What Kenya Gained By Going Cashless

What Kenya Gained By Going Cashless

by Amiya Kane - Nov 28, 2016 06:37 PM +05:30 IST

What Kenya Gained By Going Cashlessm-Pesa
  • Here’s how the Kenyan economy reaped the benefits of a mobile payment system

Indian markets have recently been flooded with mobile-banking systems and applications, moving from a cash based economy to cashless transactions. The Indian population has found the change from cash to cashless rather a radical one, trying to make many transactions using mobile- wallets, debit/credit cards or banking services such as UPI.

In that a lesson or two can be learnt from Kenya, which has already achieved a full functioning cashless sector in the economy through the mobile payment system called M-PESA, in partnership with Vodafone’s local operator Safaricom.

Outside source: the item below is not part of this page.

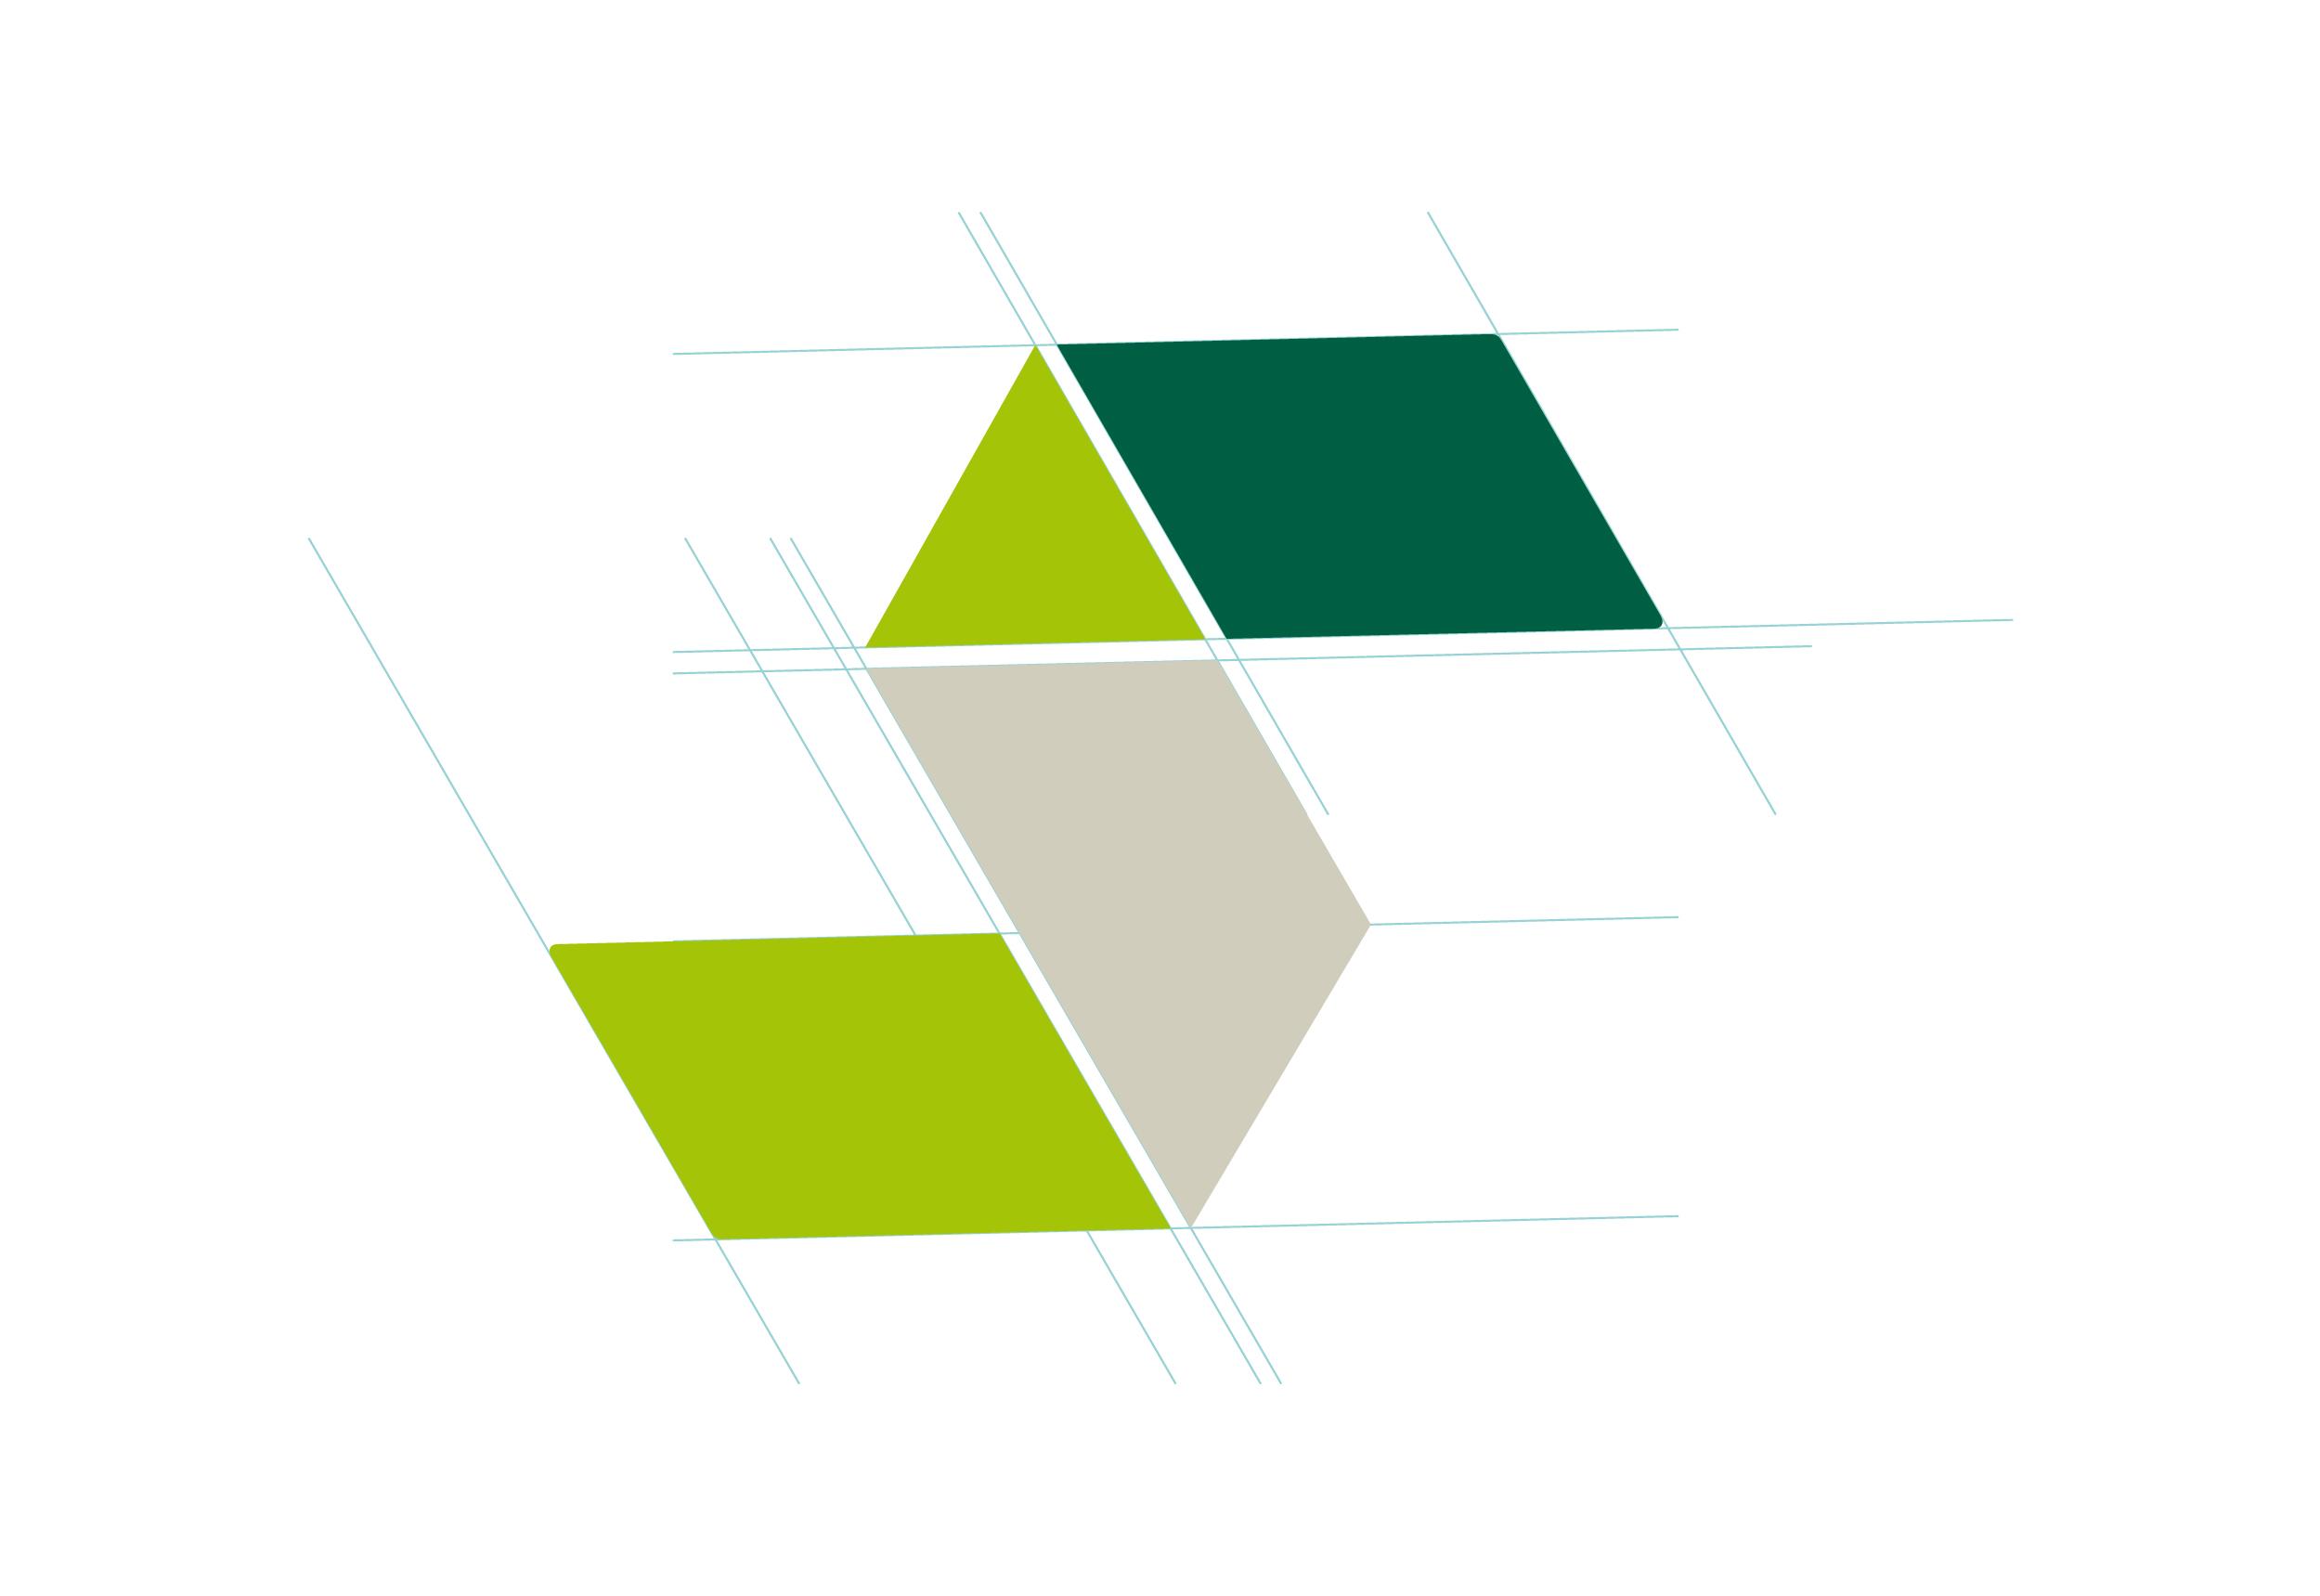 Franziska Schatz Grafik Design | Kommunikationsdesign | Editorial Design | Logo | Branding | Corporate Design | Identity | Werbung | Werbeagentur | Kaufbeuren | Allgäu, logo, corporate design, corporate identity, unternehmensgestaltung

This system has increased the level of productivity in the Kenyan economy. It has reduced the amount of time used in making multiple trips to the bank by simply giving the user options of transfering funds with a click of a button.

How does it work?

One has to simply sign up with M-PESA, where the system will open the user’s M-PESA account:

  • Money can be credited into the account by approaching a local corner shop Safaricom agent who will then transfer money into the user’s account via the user’s mobile.
  • Withdrawal of money is possible in a similar manner, where the user will go to the agent, sufficient balance will be checked and amount will be debited from the person’s account.

Services offered:

M-PESA was introduced as a developmental initiative for the purpose of microfinancing payments. As it observed a rise in popularity with over 21 million users as of the year 2016, it now provides services such as:

  • Deposit and withdrawal of funds
  • Transfer of money to users and non-users
  • Payment of bills
  • Gateway to loans
  • Transfer money between services and bank accounts
  • Purchasing Airtime

The system has also overcome loopholes by adding a cap of $500 which would prevent money-laundering and transfer of large amounts of money.

Cashless transactions have positively affected the household sector in Kenya which showed an increase of 5-30 per cent in income due to lessened travel time. The system has also financed multiple start-up businesses with business transfers achieved through mobile payments from buyer to seller smoothly. It has also integrated the traditionally un-banked population as over 80 per cent of the population use mobile phones as of 2016.

Cashless transactions have gained popularity in India, and with the increase in debit/credit card penetration in the economy along with a rise in mobile-payment systems, India too can hope and aim for similar benefits of going cashless.